ГЛАВА 27

Гарима на следующий день не проснулась, Абиру я не видела и целиком посвятила себя обязанностям Забирающей. Книги, библиотека, посещение книгопечатной мастерской заняли меня до вечера. Этот день мог стать совершенно непримечательным и незапоминающимся, если бы не разговор с господином Шианом. Воин сообщил, что Абира встречалась минувшим вечером с Ингаром в городе. Они вновь разговаривали недолго и так тихо, что сопровождавший Передающую воин не слышал ни отрывка беседы.

Я постепенно склонялась к мысли, что вспыльчивый сарех все же приглянулся Абире, заинтересовал ее чем-то. Хотя бы внешностью. Он был весьма привлекательным даже по тарийским меркам, и оспаривать это не имело смысла.

Поэтому мое удивление не поддавалось описанию, когда Съярми принесла письмо от Ингара. Сарех просил прощения за грубость, каялся, надеялся, что его помощь в расследовании пригодится, и едва ли не умолял о встрече на следующий день. Решив, что достаточно долго терпела северянина и его выходки, я отказала.

На Ингара мои слова не произвели впечатления. Он вызнал у мастеровых время, когда я собиралась посмотреть их работу, и ждал в Храме. Терпеливо стоял в сторонке, пока я занималась рабочими, а потом при всех вручил мне большой букет алых маков. Унижать сареха перед соотечественниками и чужаками не стала, приняла цветы и вполне искренние извинения.

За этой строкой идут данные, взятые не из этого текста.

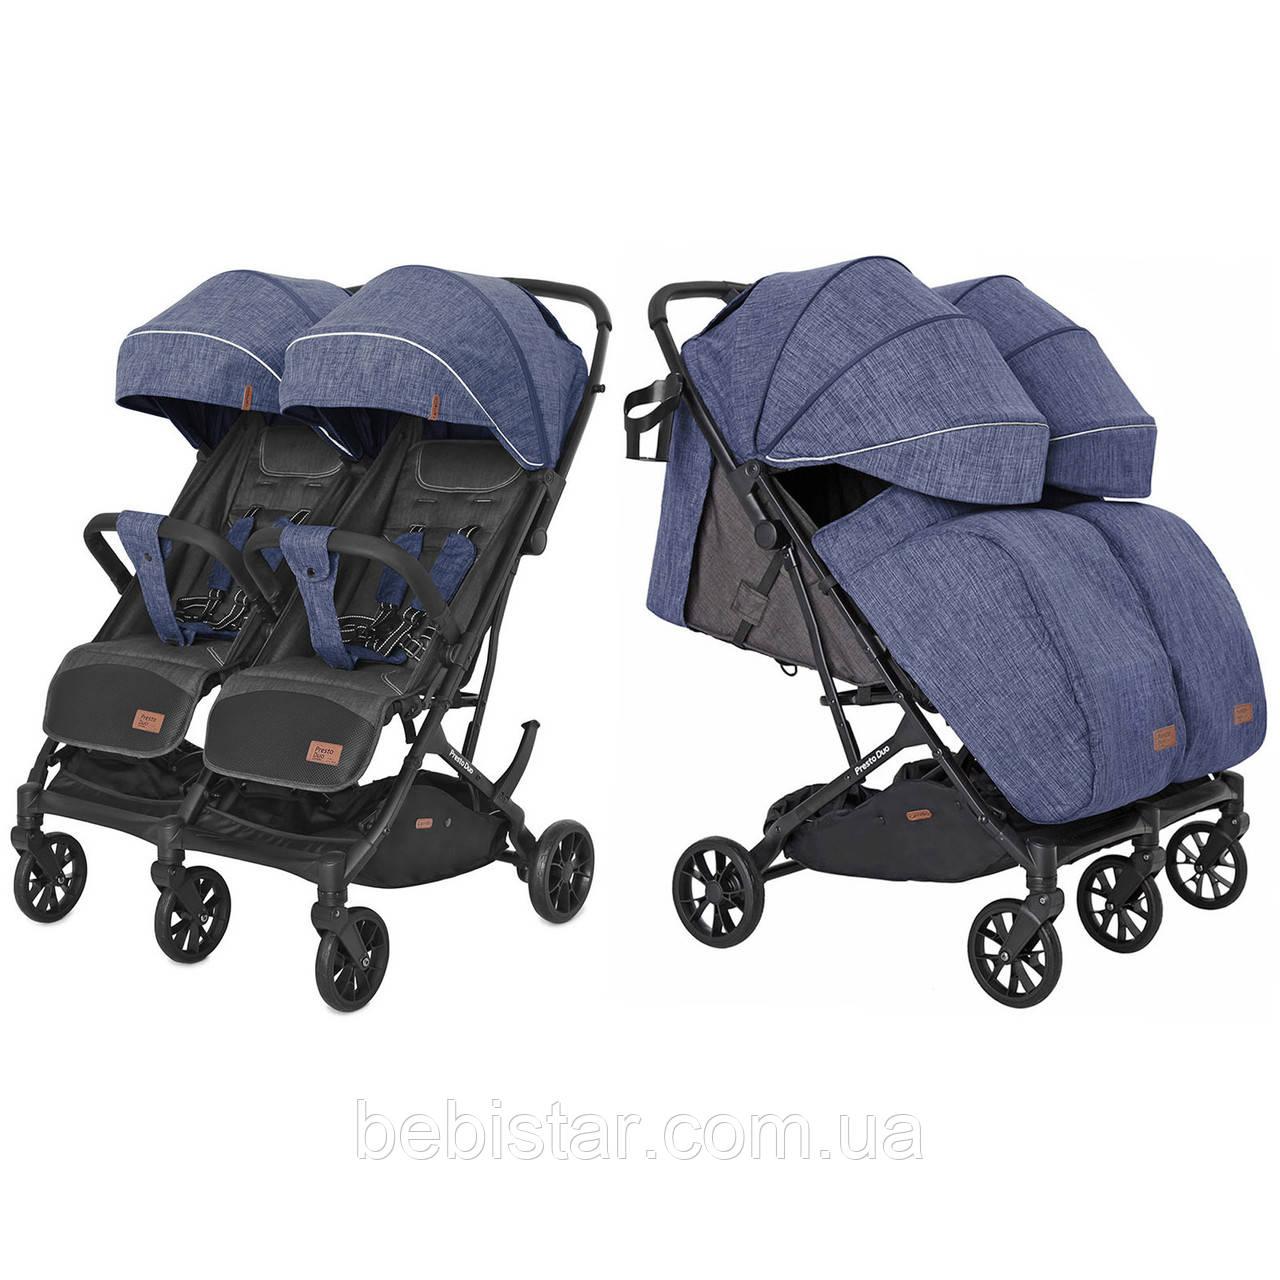 Коляска прогулочная для двойни синяя с дождевиком Carrello Presto Duo CRL-5506 Oxford Blue от 6 мес до 3-4 лет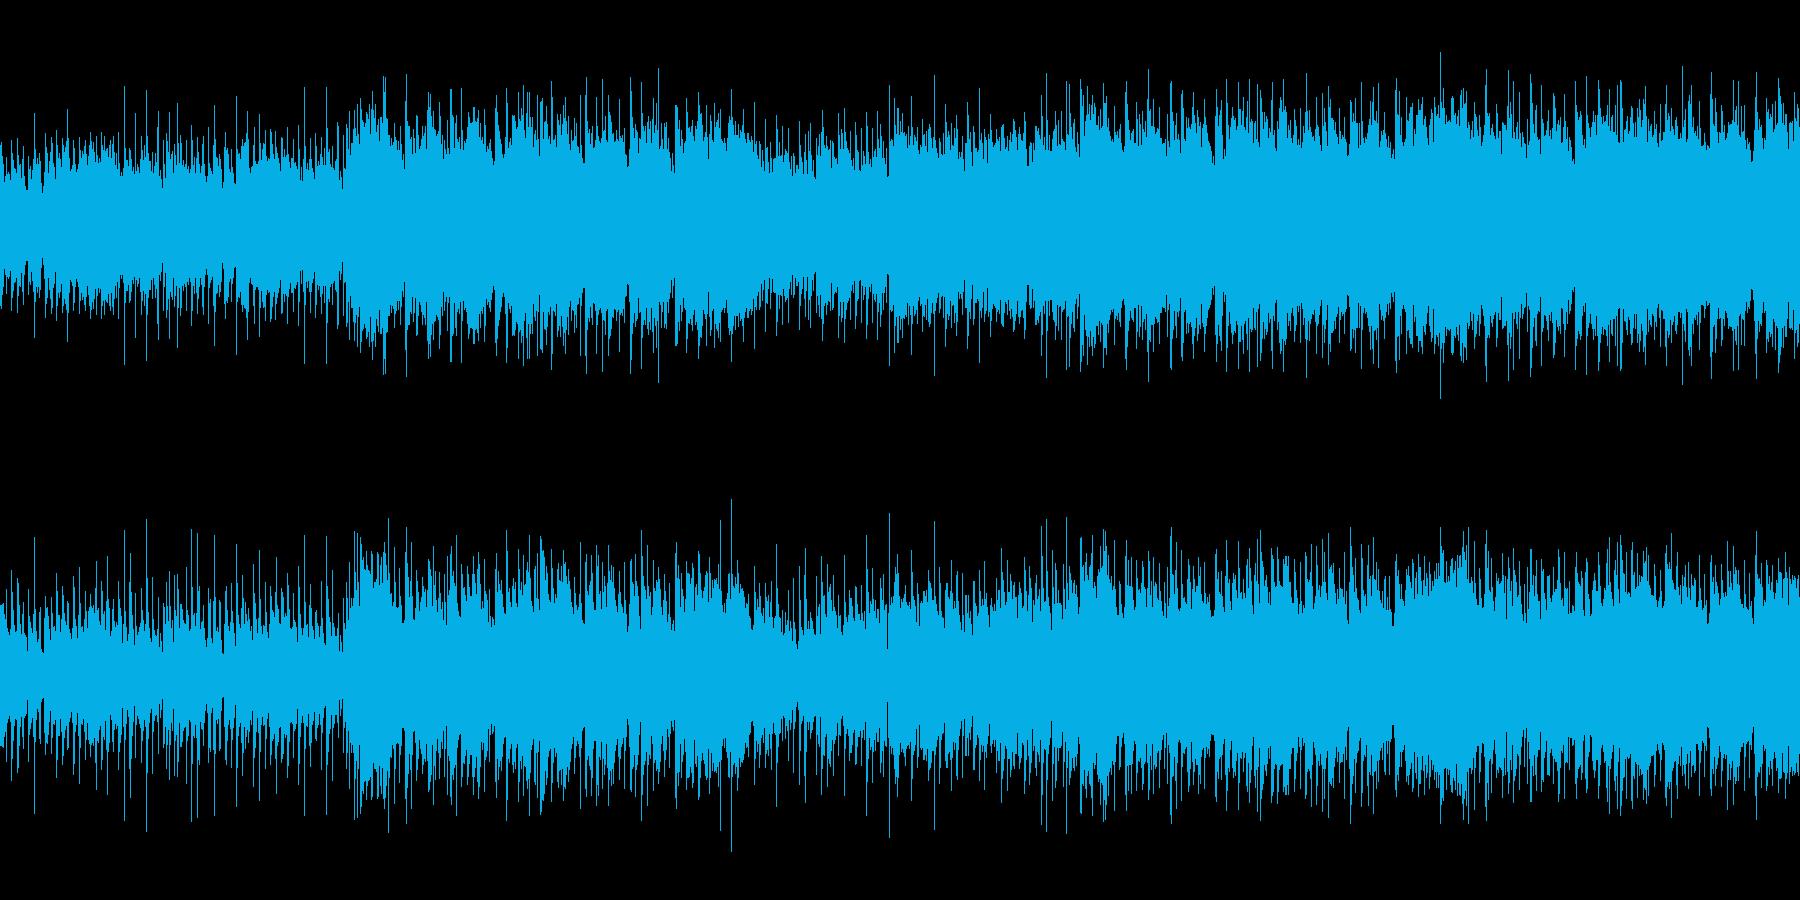 映画やアニメの日常シーン・爽やかアコギ曲の再生済みの波形

— Жрицы великой Маар много делают, чтобы найти истинного виновника, чтобы очистить имя моего отца, — явно рассчитывая, что другие мужчины его услышат, добавил Ингар.

— Стражи тоже стараются, — громко и твердо добавила я. — Расследование скоро будет завершено.

Поблагодарив сареха за цветы, вернулась к себе. Клейкие стебли маков прилипли к ладони и в нескольких местах содрали кожу, но это меня не огорчило. Всегда любила маки, а еще действительно обрадовалась подарку и тому, что Ингар пришел мириться.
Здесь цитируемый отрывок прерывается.